Write out the data word for word and omit every picture.

● Exercise data:
##############################
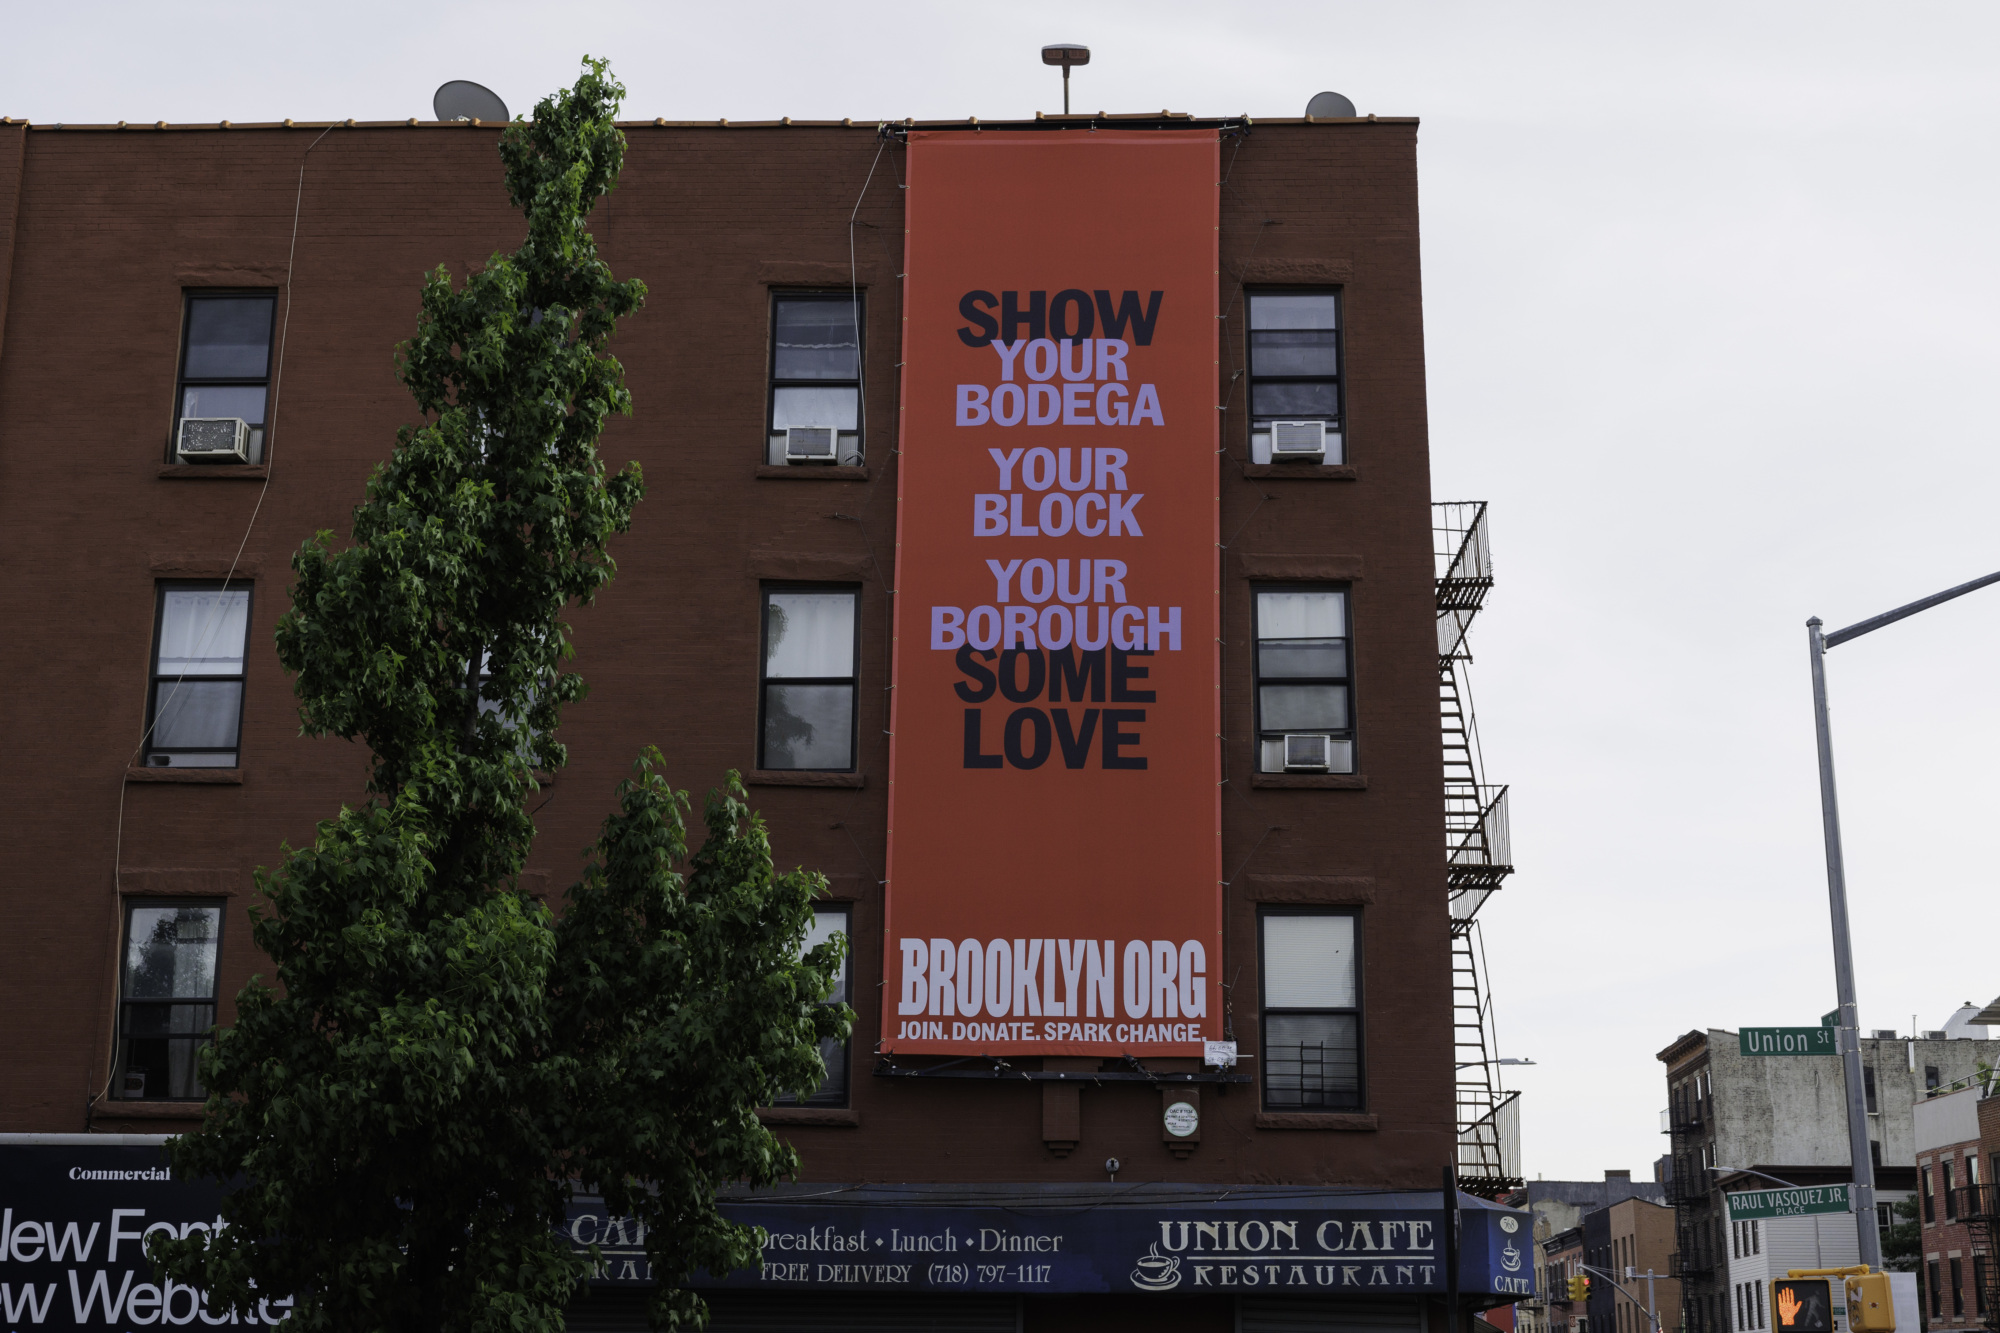 A large red banner on a building reads, "Show your bodega your block your borough some love - Give to Brooklyn at BROOKLYN.ORG Join. Donate. Spark Change." The building's street signs indicate Union Street.
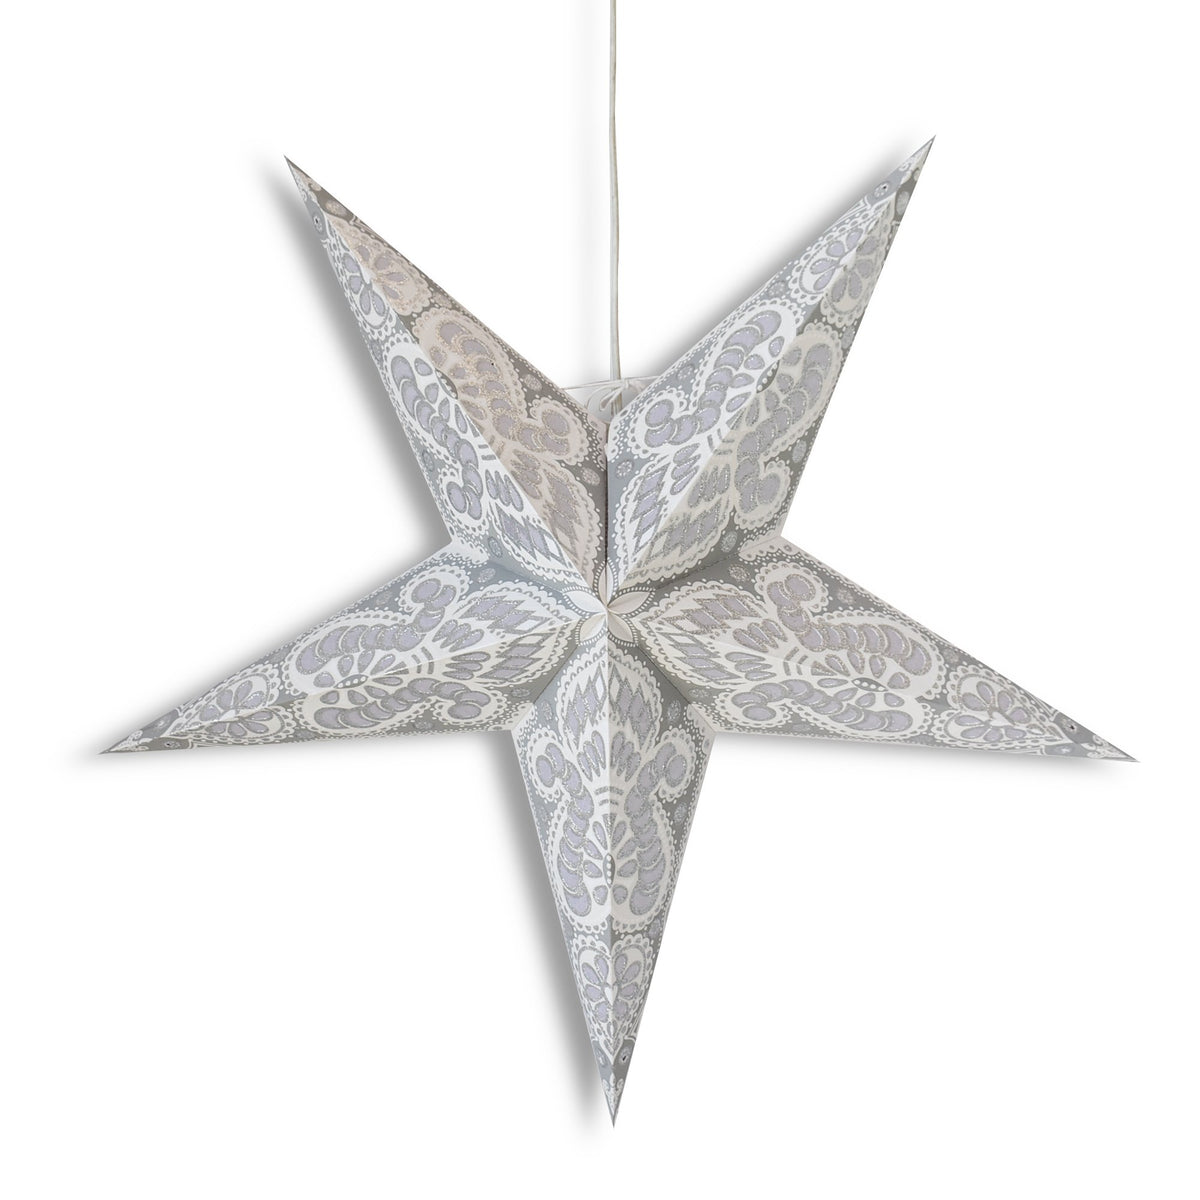 24&quot; White Peacock Glitter Paper Star Lantern, Hanging Wedding &amp; Party Decoration - PaperLanternStore.com - Paper Lanterns, Decor, Party Lights &amp; More
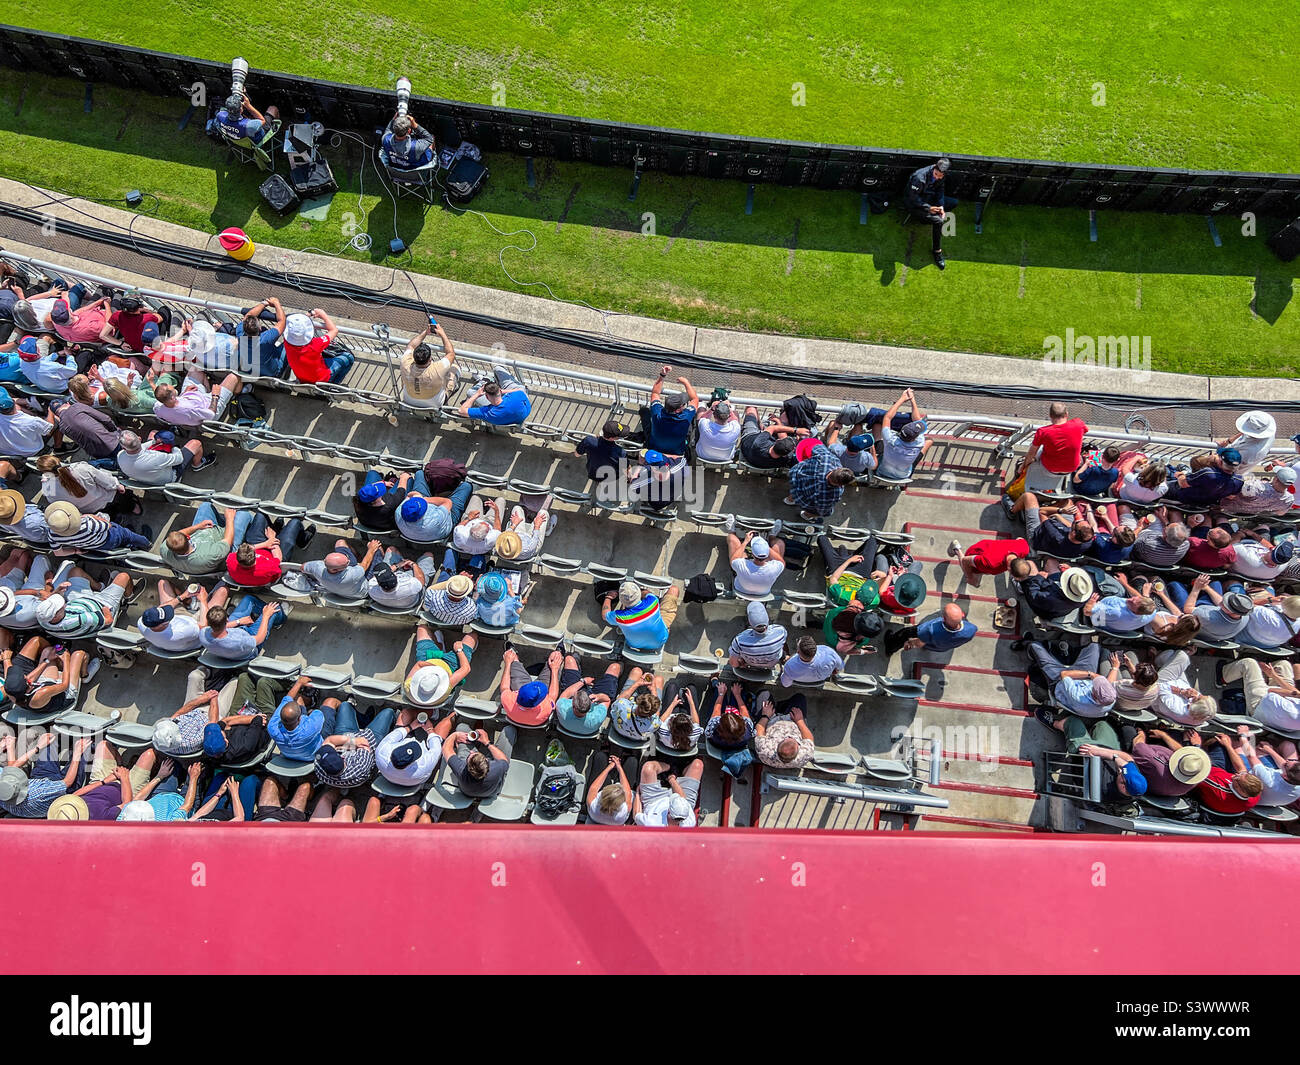 Crowd of spectators seated at Lancashire cricket club watching cricket Stock Photo
##############################
● Response to this task:
 A large red banner on a building reads, "Show your bodega your block your borough some love - Give to Brooklyn at BROOKLYN.ORG Join. Donate. Spark Change." The building's street signs indicate Union Street.
 24&quot; White Peacock Glitter Paper Star Lantern, Hanging Wedding &amp; Party Decoration - PaperLanternStore.com - Paper Lanterns, Decor, Party Lights &amp; More
 Crowd of spectators seated at Lancashire cricket club watching cricket Stock Photo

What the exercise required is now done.